Among those who answered more positively, 38% said the system was “good,” and 7% found it “very good.”

The data was extracted from the statistic bureau’s 2015 social survey, which was designed to examine public attitudes toward government services, institutions, civic engagement and feelings of discrimination. About 7,100 people aged 20 and older were surveyed between April and December 2015.

Fewer than half of respondents – 42% – said the education system provided services in an equitable manner, and the majority did not believe so.

The education system ranked first in the report of government services most in need of improvement.

The CBS also looked at parental satisfaction with the educational institutions their children attended. The results showed that levels of dissatisfaction grew with the age of the children.
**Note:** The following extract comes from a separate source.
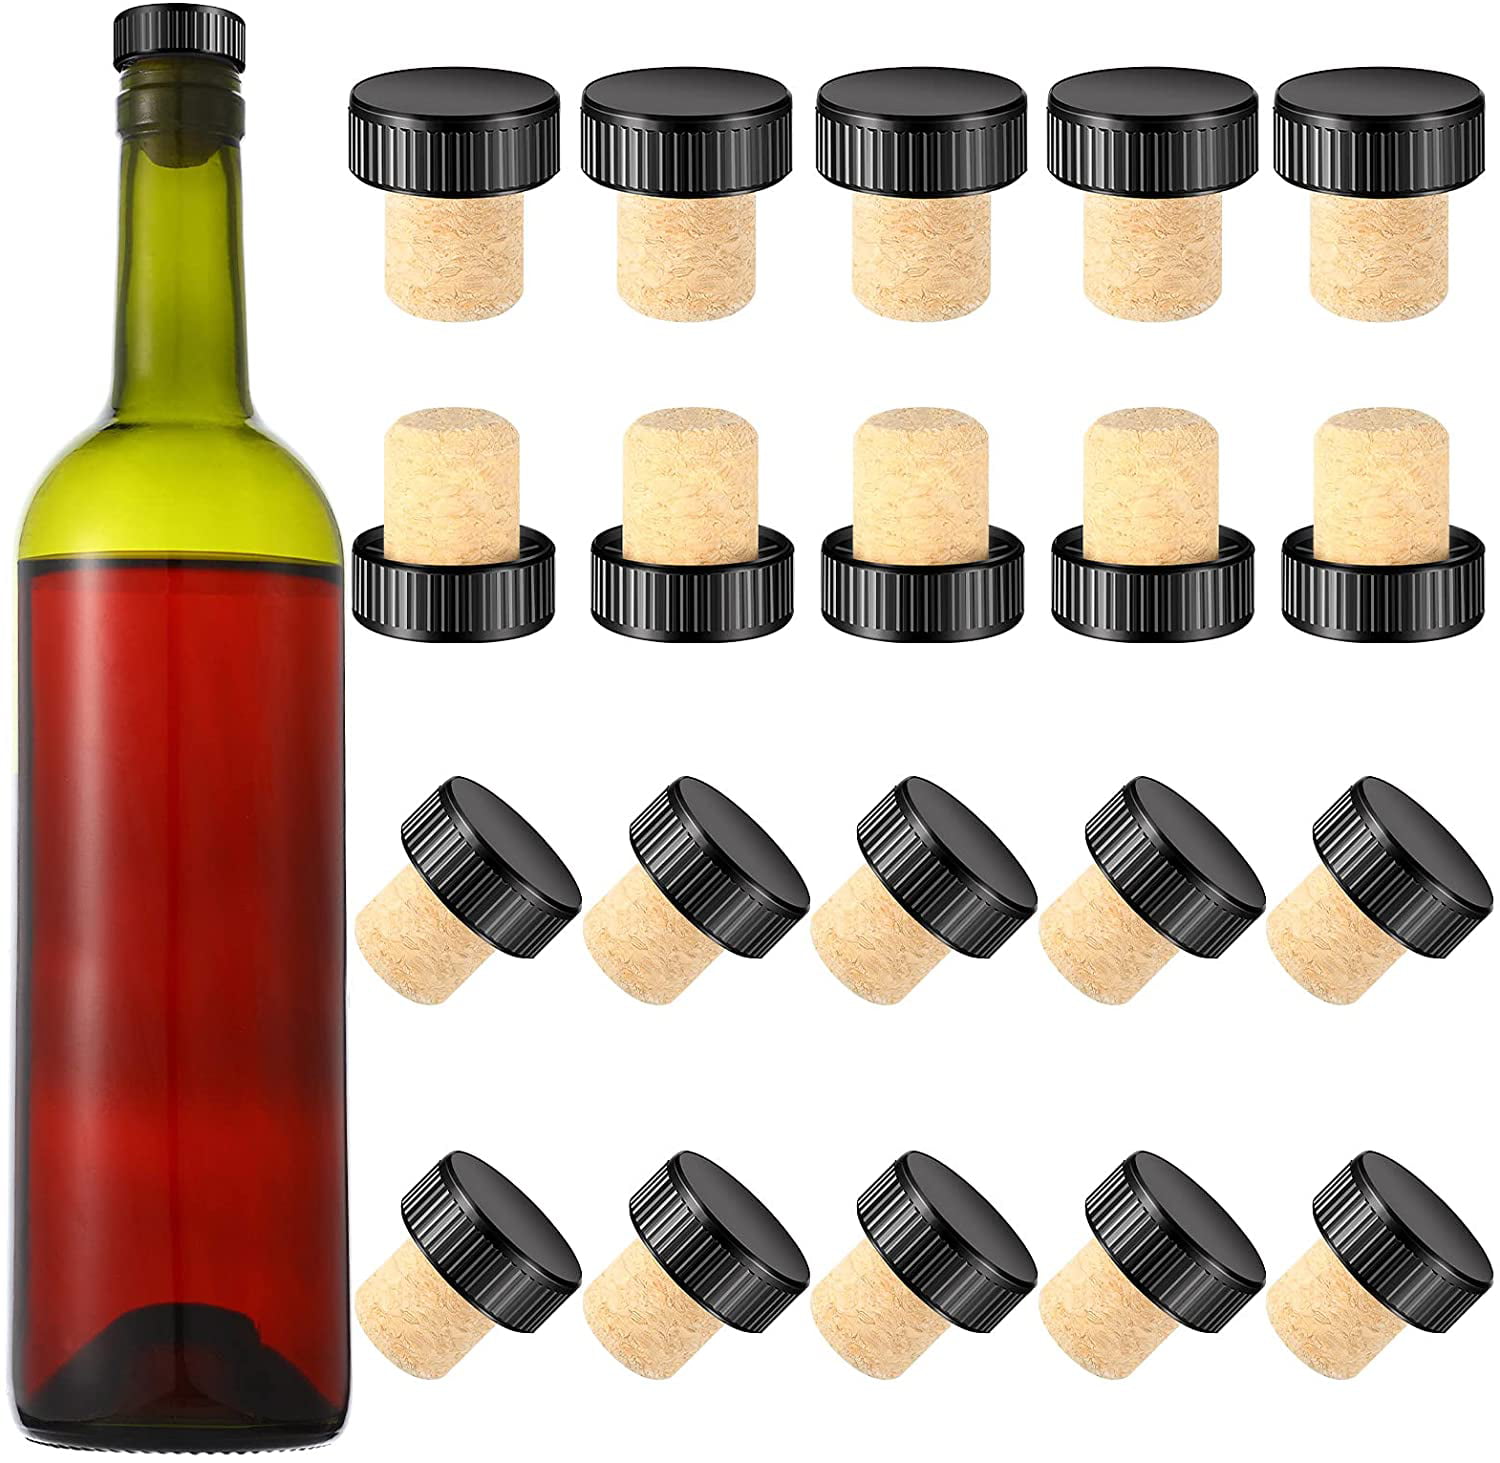 24 Pieces Cork Plugs Cork Stoppers Tasting Corks T-Shape Wine Corks with Black Plastic Top Wooden Wine Bottle Stopper Bottle Plugs Replacement Corks for Wine Beer Bottle Glass Bottles DIY Craft

Only 12% of parents with children in nursery school were unsatisfied with the schools, while 13% with children in kindergarten, and 19% with children in elementary school and high school had negative opinions of their children’s institutions.

While 88% of parents with children in nurseries and 85% with children in kindergarten were “very satisfied” or “generally satisfied” with the school, 81% of parents with children in elementary or high schools reported the same level of satisfaction.

The CBS also pointed out that satisfaction among parents varied according to the demographic sector: 85% of Jews were satisfied with the educational institutions of their children compared with 69% of the Arab population.

Household income was also a determining factor: 84% with a gross per capita income of over NIS 2,000 per month and 76% of those with an income of less than NIS 2,000 were satisfied with the school their child attended.

Generally, dissatisfaction was relatively high with locations, physical conditions and the level of teaching at the schools.

Extrapolating from the report, the children of some 355,000 receive private tutoring to supplement the education provided at school.